Cell proliferation assay
To investigate the dose-dependent effects of JEZ-C
on osteoblast proliferation, an MTT assay was used to determine the
amount of cells in the samples. Cells were initially digested with
0.25% trypsin/EDTA, resuspended in culture medium, and seeded into
24-well plates at 5×103 cells/well density. After a 24-h culture at
37°C, the culture medium was replaced with various concentrations
of JEZ-C (0, 6.25×10-3, 6.25×10-2 and 6.25×10-1 µg/ml). Assays were
performed at 2, 4 and 6 days; 1 ml 0.5 mg/ml MTT (Sigma-Aldrich;
Merck Millipore) was added to each well and the samples were
incubated in an atmosphere containing 5% CO2 (Forma™
Series II Water-Jacketed incubator; Thermo Fisher Scientific, Inc.)

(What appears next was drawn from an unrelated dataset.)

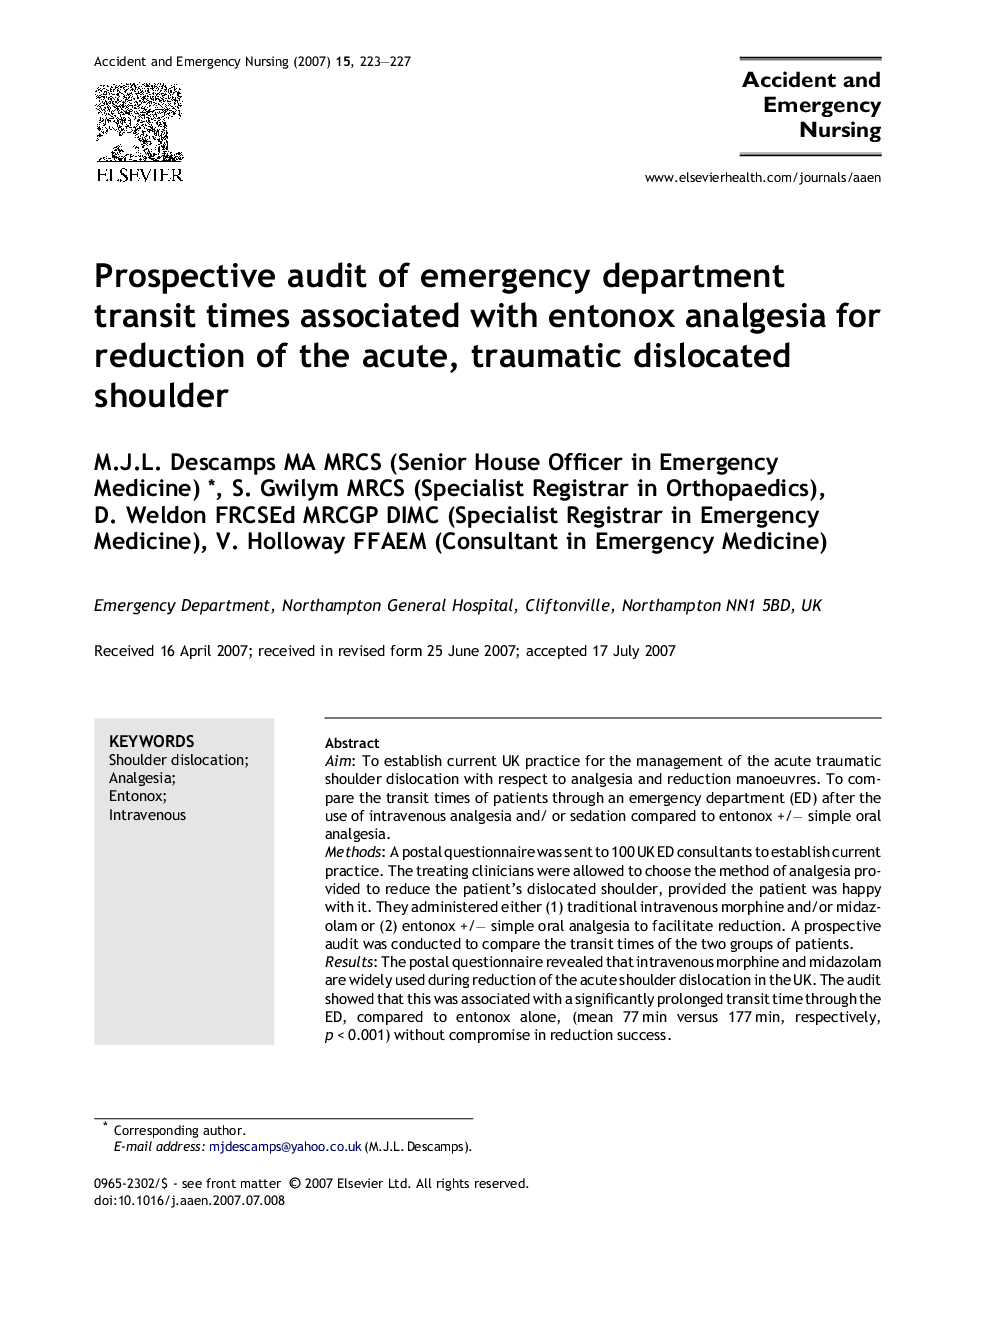 Prospective audit of emergency department transit times associated with entonox analgesia for reduction of the acute, traumatic dislocated shoulder
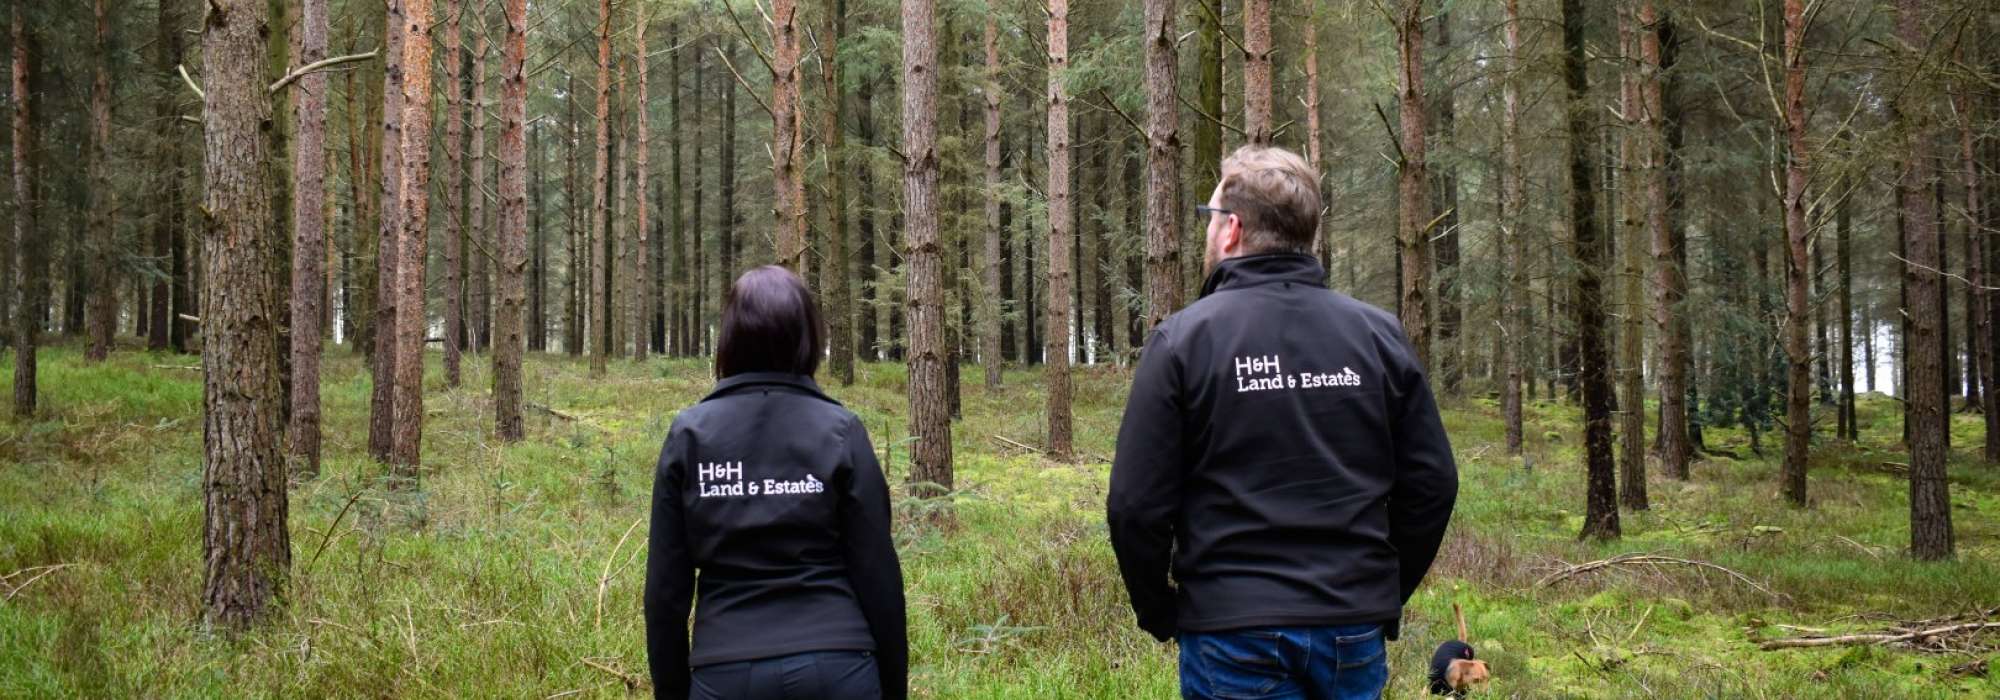 Our Forestry team stood with their backs to the camera in a woodland, wearing their H&H Land & Estates branded jackets.

at 37°C for 4 h. The formed formazan crystals were then dissolved
in 1 ml dimethyl sulfoxide. After thoroughly and evenly mixing the
samples, 200 µl was randomly extracted from three parallel wells at
each JEZ-C concentration and transferred to a 96-well plate. Sample
absorbance values were measured at 570 nm using a microplate reader
(Multiskan™ GO Microplate Spectrophotometer; Thermo Fisher
Scientific, Inc.). Results are presented as optical density
absorbance values.
Cell morphological analysis
Samples in the three experimental groups were
permeabilized with 0.5% Triton X-100 (Sigma-Aldrich; Merck
Millipore) after being cultured for 2, 4 and 6 days. Subsequently,
cells were incubated with 1% bovine serum albumin (BSA; Santa Cruz
Biotechnology, Inc., Dallas, TX, USA) as a blocking buffer for 30
min at 37°C. Cells were then stained for 30 min at room temperature
with rhodamine phalloidin (Invitrogen; Thermo Fisher Scientific,
Inc.), followed by Hoechst 33258 (Beyotime Institute of
Biotechnoloy, Haimen, China) for 5 min to visualize nuclei. All
imaging was performed with a scanning confocal microscope.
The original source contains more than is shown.